We were both supposed to play a benefit concert in Denver. That was about 16 or 17 years ago. At the last minute, the concert got canceled, so Nawang and I just hung out, and we really hit it off.

Nawang Khechog

What has it been like working with Peter?

Peter suggested that we should do an album together. So we met at his studio, and Peter knew what key my flute was, but that was it. By the end of this performance, I felt very inspired. I said, “Peter, don’t you think something just happened here?” And he said, “Nawang, I recorded it.” I was overjoyed, and that became the 'Dance of Innocence’ album.

We’ve been through ups and downs. I almost died twice. I was in a car accident and had a heart attack, but I didn’t die, and I think we’re meant to be playing together

How does a former hermit and monk become an international performer?

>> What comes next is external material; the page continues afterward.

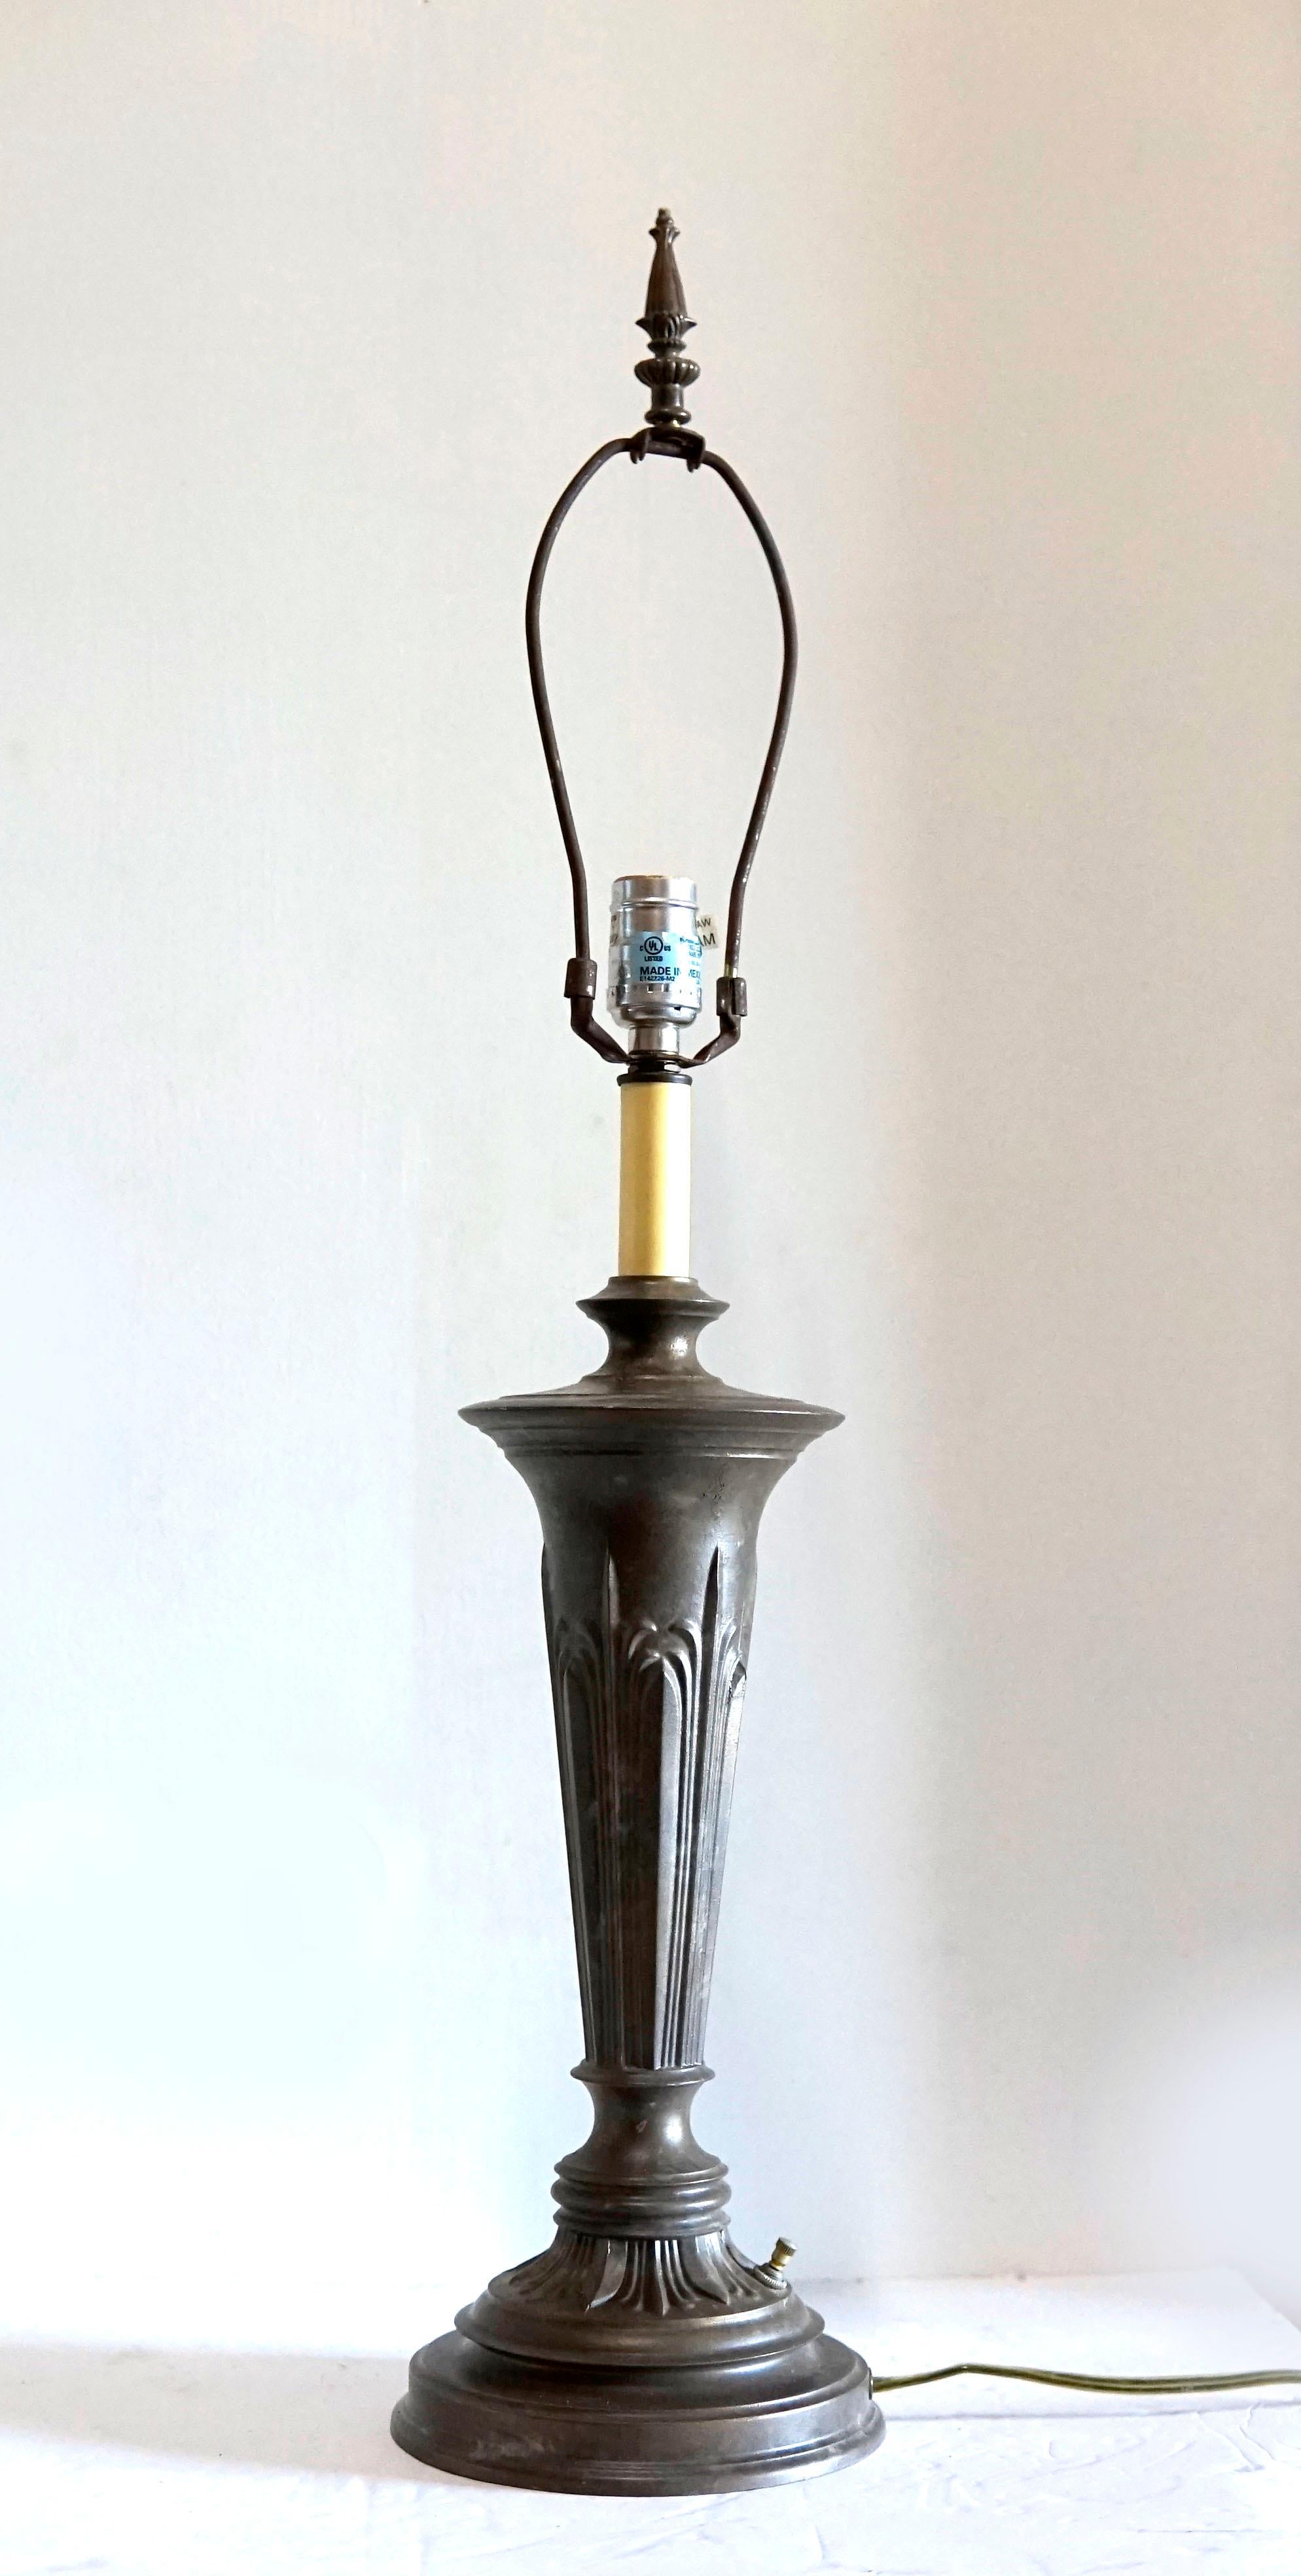 A beautiful patina has developed over the last century on this Neoclassical or Renaissance Revival.bronze table lamp. It is from the 1920s or 1930s and with the proper shade is the definition of statement lighting. It may be reminiscent of art deco,

Karma is a funny, strange thing. I never had any ambition to be a musician or to tour or anything. I always played the flute. It was close to my heart, even as a young boy. I always played what I heard and what I felt inside. But then I felt I could no longer be a monk, and I immigrated to Australia, and that’s where it started. I played, and I found out that audiences were enjoying it. There were tears in their eyes when they came to say hello and give me a hug after, and I thought, this is what music does.

You’ve spent so much time alone in meditation and as a hermit in Tibet. Do you get nervous performing in front of large crowds?

Surprisingly, I do not get nervous. One of my first big shows was in 1986 when I played the International Year of Peace concert in Australia. There was supposed to be a band to back me up, but they didn’t. They just didn’t play. It was me, by myself, and I made it all up, and after it was over, the audience went nuts. So it was a good experience, and there’s no need to get nervous.

How did you learn to play so many different instruments from so many other countries?

I meet so many beautiful people when I travel, and I see so many beautiful instruments. And especially if it’s a wind instrument, I try to hear what it wants to say to me. Each instrument starts a different conversation. I enjoy that, and they become my friends, too. It’s like meeting beautiful people – you just want to converse with them. It’s the same thing with the instrument. I say they channel me.

You now live in the mountains of Colorado. How do they compare with the mountains of Tibet, and are they a part of your music?

To me, they’re just as beautiful as the Himalayas, but there’s a certain serenity of mind and heart that you get from mountains wherever they are. That serenity is part of what I try to do with music. I ask the blessing of the universe so I can come up with good music that benefits other people.